The Catholic Studies Reader (Fordham University Press, 2011), edited by James T. Fisher, Ph.D., professor of theology, and Margaret McGuinness, Ph.D., professor of theology at LaSalle University, won first place in the history category of the 2012 Catholic Press Awards.
A comprehensive book on Catholic Studies, The Catholic Studies Reader provides colleges and universities with a basis for the prevalent yet sundry discipline.
“Catholic Studies programs exist at dozens, perhaps over a hundred campuses nationwide, and they vary so widely and there is so little interaction between programs,” Fisher said. “We thought it would be a good idea to provide some models of what Catholic Studies is and what it does.”
The collection of 17 essays covers five central themes— “Sources and Contexts,” “Traditions and Methods,” “Pedagogy and Practice,” “Ethnicity, Race, and Catholic Studies,” and “The Catholic Imagination”—that relate to Catholic Studies in particular and the life of the Catholic Church overall.
“It was envisioned as a part of the Curran Center’s initiative ‘Passing on the Faith,’ a project designed to address some of the challenges facing the Church,” Fisher said. “We thought it would be good to devote a volume to the field of Catholic Studies itself.”
The book also received praise in the latest issue of Conversations on Jesuit Higher Education magazine.
“What has been significantly lacking in this welcome if haphazard growth [of Catholic Studies programs] are resources that bring an informed historical perspective and critical evaluation of the sheer variety of resources available to scholars engaged in this relatively new discipline,” wrote Mark Massa, S.J., dean of the Boston College School of Theology and Ministry and founder of the Curran Center.

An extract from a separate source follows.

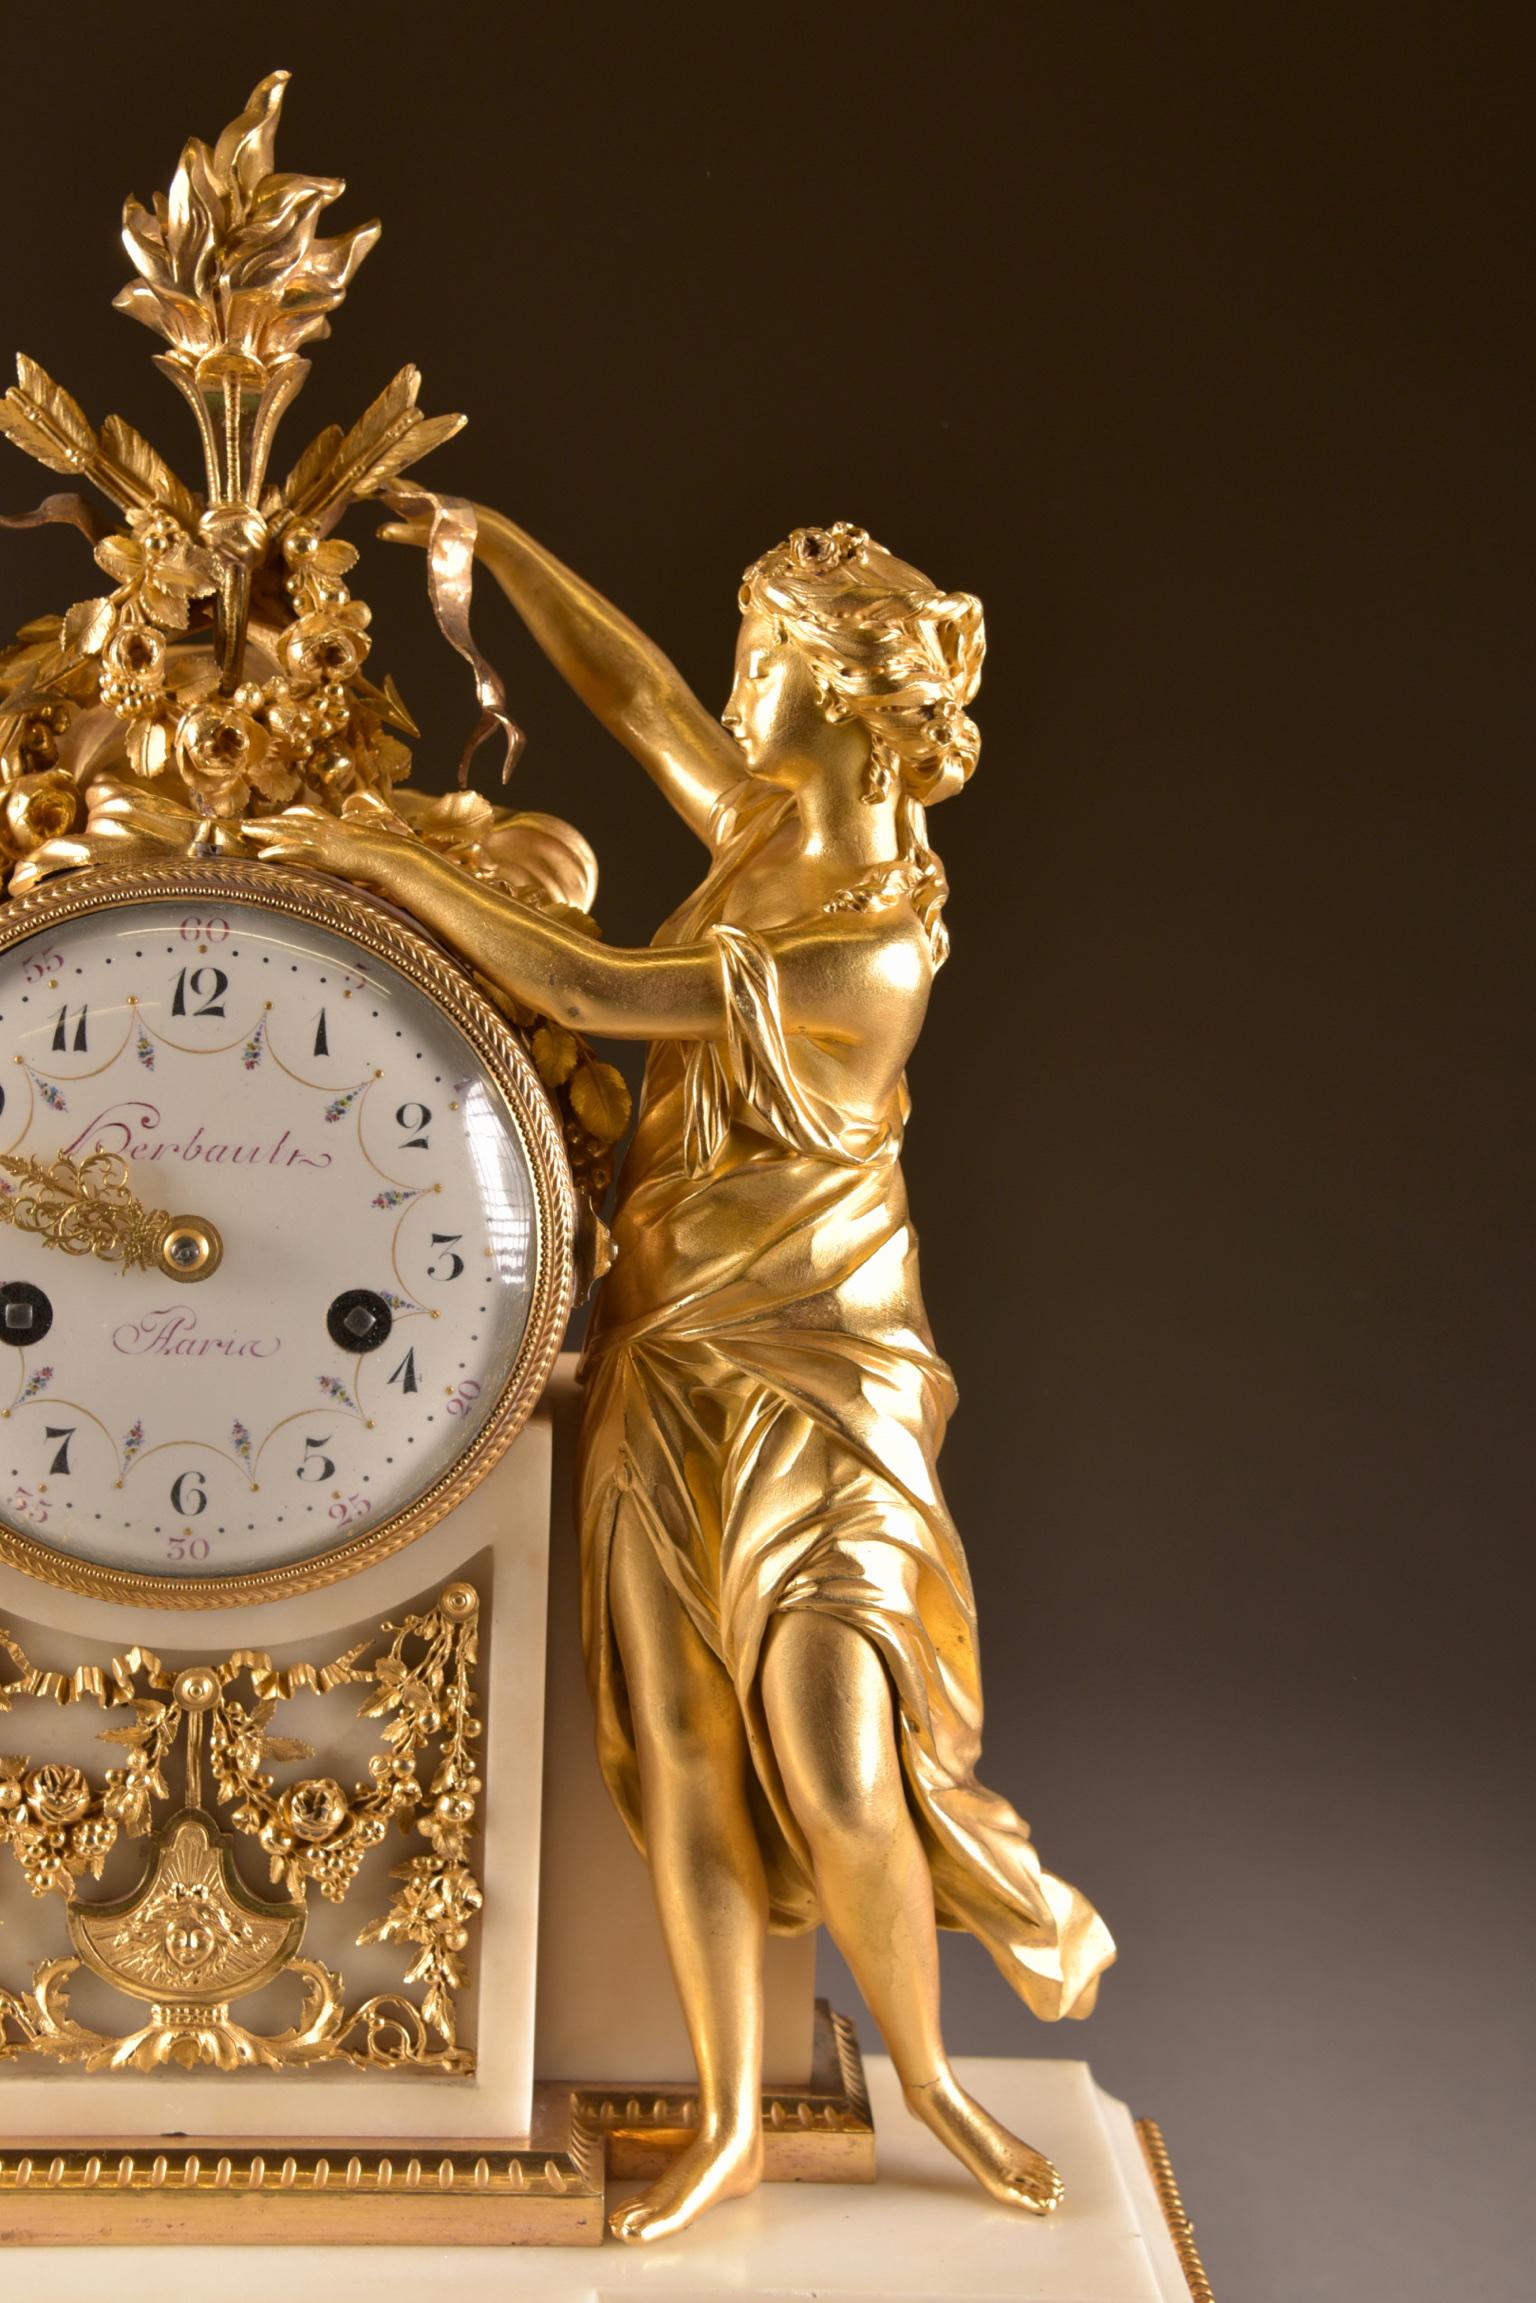 Gilt Large Louis XVI clock (1780), Venus and cherub, Amor wird seiner Waffen beraubt

“Professors James Fisher and Margaret McGuinness have done all of us engaged in the Catholic Studies initiative significant service in their new reader,” he continued. “The Catholic Studies Reader promises to be of singular benefit to academics and programs that span the broad spectrum of ideology and mission, and will lend cohesion to a congeries of programs that are now united more in name than in purpose or structure.”
Other Fordham contributors to the reader include Jeannine Hill-Fletcher, Th.D., associate professor of theology; Maureen H. O’Connell, Ph.D., associate professor of theology; Angela Alaimo O’Donnell, associate director of the Curran Center; and Catherine Osborne, a doctoral candidate in the theology program.
“The recognition by the Catholic Press Association might find the book a wider audience, and—we hope—adoption as text in Catholic Studies courses nationwide,” Fisher said.